Add the OCR text as additional content to the user prompt message.
Add an additional system prompt message to instruct the model on how to leverage the OCR text to improve the accuracy of the result.
Why OCR enhancement is not supported in GA
Although OCR enhancement functionality provides simplicity by orchestrating OCR API call and prompt modification, it lacks customization of OCR technology and prompt instructions. Running the OCR enhancement process manually provides the following benefits:
Flexibility to choose a different version of OCR (i.e., documents with complex layout and table may benefit from markdown support instead of using plain text).
Flexibility to modify system instructions how OCR text is leveraged by GPT model (i.e., based on document type/quality/etc, leverage OCR text for numbers extraction but rely on GPT vision for signature detection, etc).
Agility to run OCR enhancement for prompt with multiple images (i.e., multi-page documents, comparison scenario, etc). Preview API only supports OCR enhancement for prompts with 1 image.
Running OCR enhancement manually
The goal of the code sample is to illustrate how OCR enhancement can be done manually. It creates two sample GPT payloads:
The first payload is with OCR enhancement enabled.
The second payload is identical to the first one but with 2 additional messages with OCR instructions, added the same way as OCR enhancement is doing for Preview model in Azure OpenAI service backend.
Prerequisites
An Azure OpenAI resource(s) with deployments of GPT-4 Turbo Vision Preview and GPT-4 Turbo 2024-04-09 GA models.
A Document Intelligence resource to call OCR API.
Install Document Intelligence Python SDK:
pip install azure-ai-documentintelligence
Setup environment variables
Create and assign environment variables for resource endpoints and API keys and load them in Python. Also, provide deployment names for both GPT models by replacing ‘<your-deployment-name>’ strings.
import os
# GPT-4 Turbo Vision Preview model
GPT4V_PREVIEW_ENDPOINT = os.getenv(“AZURE_GPT4V_PREVIEW_ENDPOINT”)
GPT4V_PREVIEW_KEY = os.getenv(“AZURE_GPT4V_PREVIEW_KEY”)
GPT4V_PREVIEW_DEPLOYMENT = ‘<your-deployment-name>’
# GPT-4 Turbo 2024-04-09 General Availability (GA) model
GPT4_GA_ENDPOINT = os.getenv(“AZURE_GPT4_GA_ENDPOINT”)
GPT4_GA_KEY = os.getenv(“AZURE_GPT4_GA_KEY”)
GPT4_GA_DEPLOYMENT = ‘<your-deployment-name>’
# Azure Document Intelligence API
DI_ENDPOINT = os.getenv(“AZURE_DI_ENDPOINT”)

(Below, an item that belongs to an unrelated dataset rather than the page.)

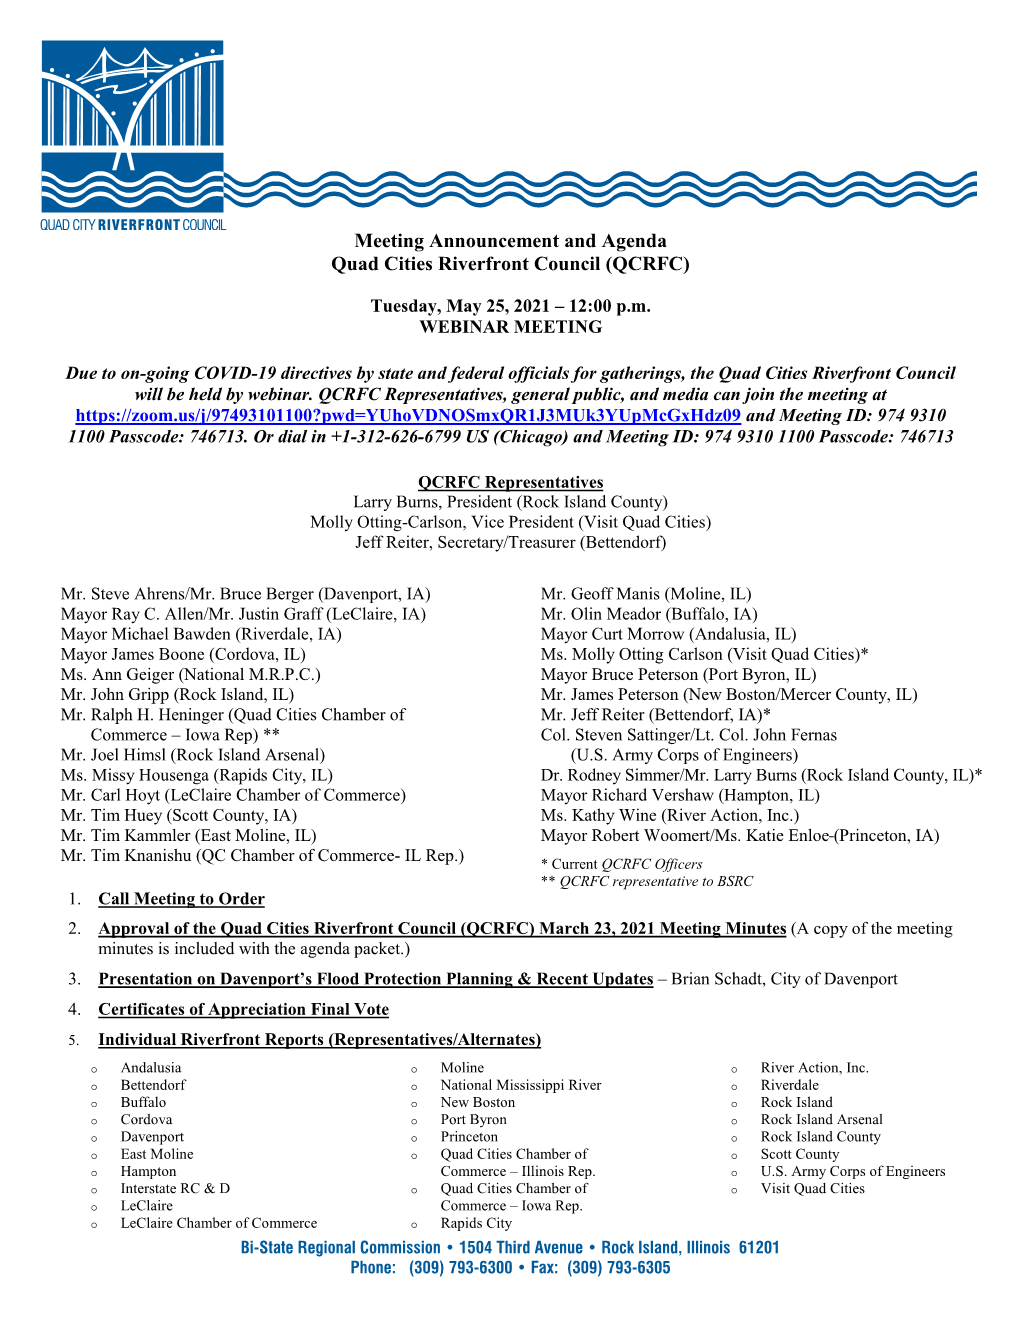 Quad Cities Riverfront Council Meeting Agenda, May 25, 2021
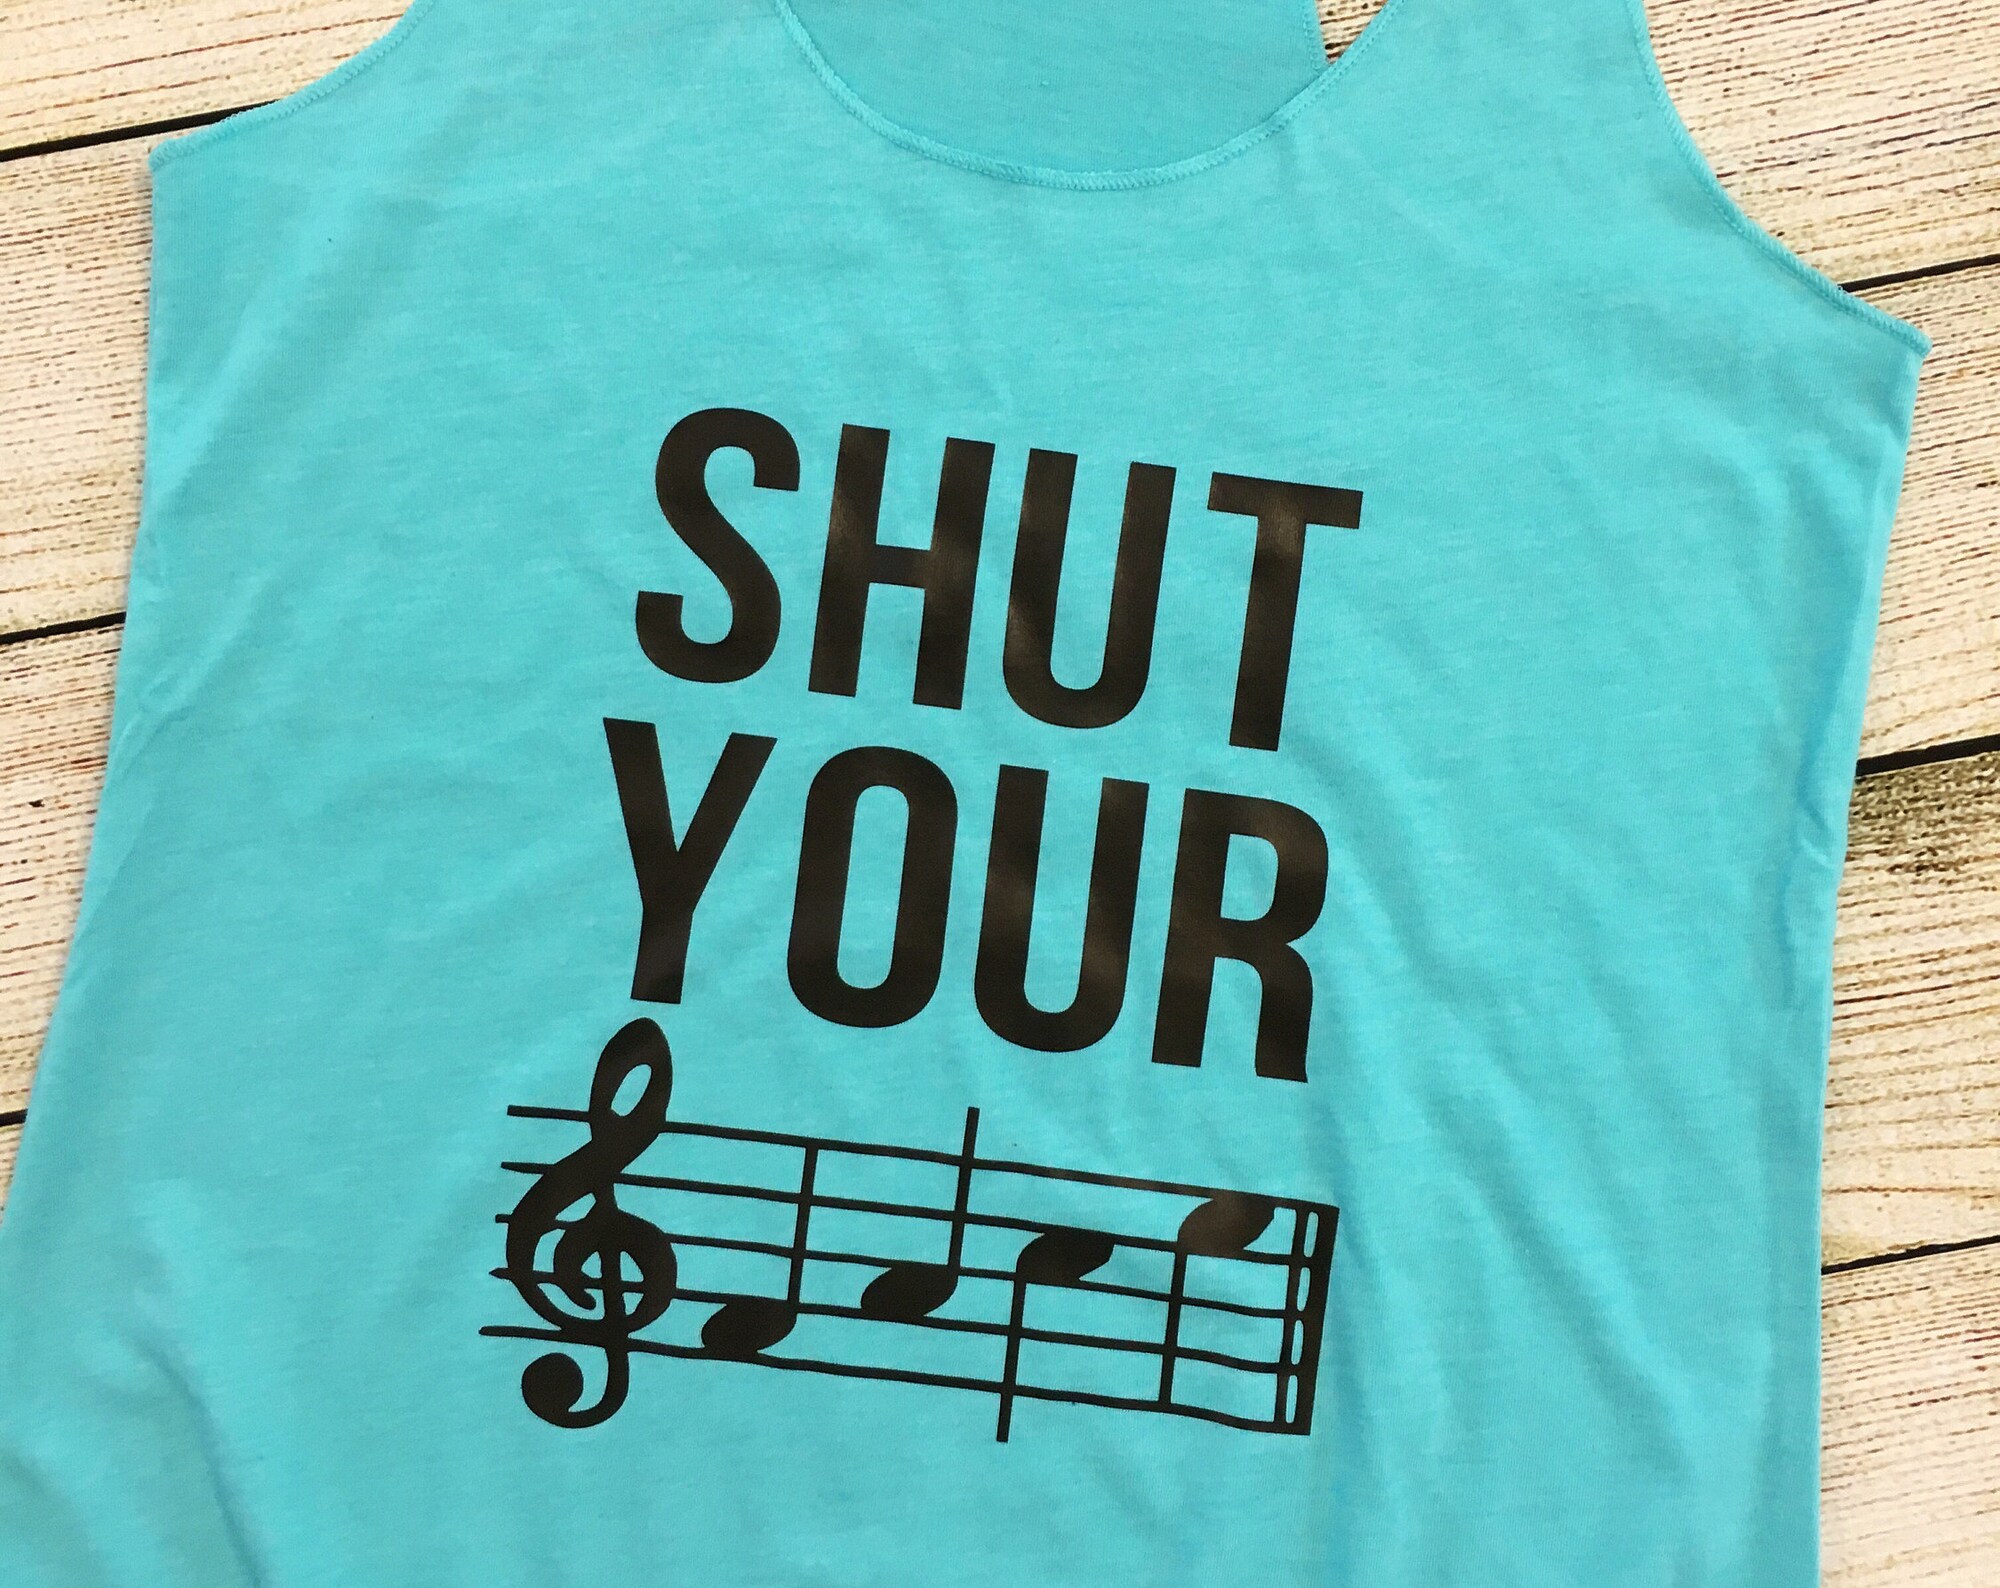 Discover Shut Your FACE musical notes tank top

DI_KEY = os.getenv(“AZURE_DI_KEY”)
Sample GPT payload
Python code below creates sample Json payload for GPT-4 Turbo Vision Preview API with OCR enhancement enabled. It uses a sample image of Japanese receipt as input and asks to extract Total from the receipt. This receipt is selected because without OCR enhancement GPT-4 Turbo Vision gives wrong answer – 5000, but with OCR enhancement answer is correct – 4500:
import requests
import base64
# Sample image data
IMAGE_BYTES = requests.get(“https://documentintelligence.ai.azure.com/documents/samples/prebuilt/receipt-japanese.jpg”).content
encoded_image = base64.b64encode(IMAGE_BYTES).decode(‘ascii’)
payload_sample = {
“messages”: [
{
“role”: “system”,
“content”: [
{
“type”: “text”,
“text”: “You are AI assistance to help extract information.”
}
]
},
{
“role”: “user”,
“content”: [
{
“type”: “image_url”,
“image_url”: {
“url”: “data:” + “image/jpeg;base64,” + encoded_image
}
},
{
“type”: “text”,
“text”: “Receipt Total as number. Just the number, no currency symbol or additional text.”
}
]
}
],
“temperature”: 0.0, “max_tokens”: 1000
}
Run OCR using Azure Document Intelligence
Define the function which calls Document Intelligence OCR API for the image and returns OCR content:
from azure.ai.documentintelligence import DocumentIntelligenceClient
from azure.core.credentials import AzureKeyCredential
def run_ocr(image_bytes):
document_analysis_client = DocumentIntelligenceClient(endpoint=DI_ENDPOINT, credential=AzureKeyCredential(DI_KEY))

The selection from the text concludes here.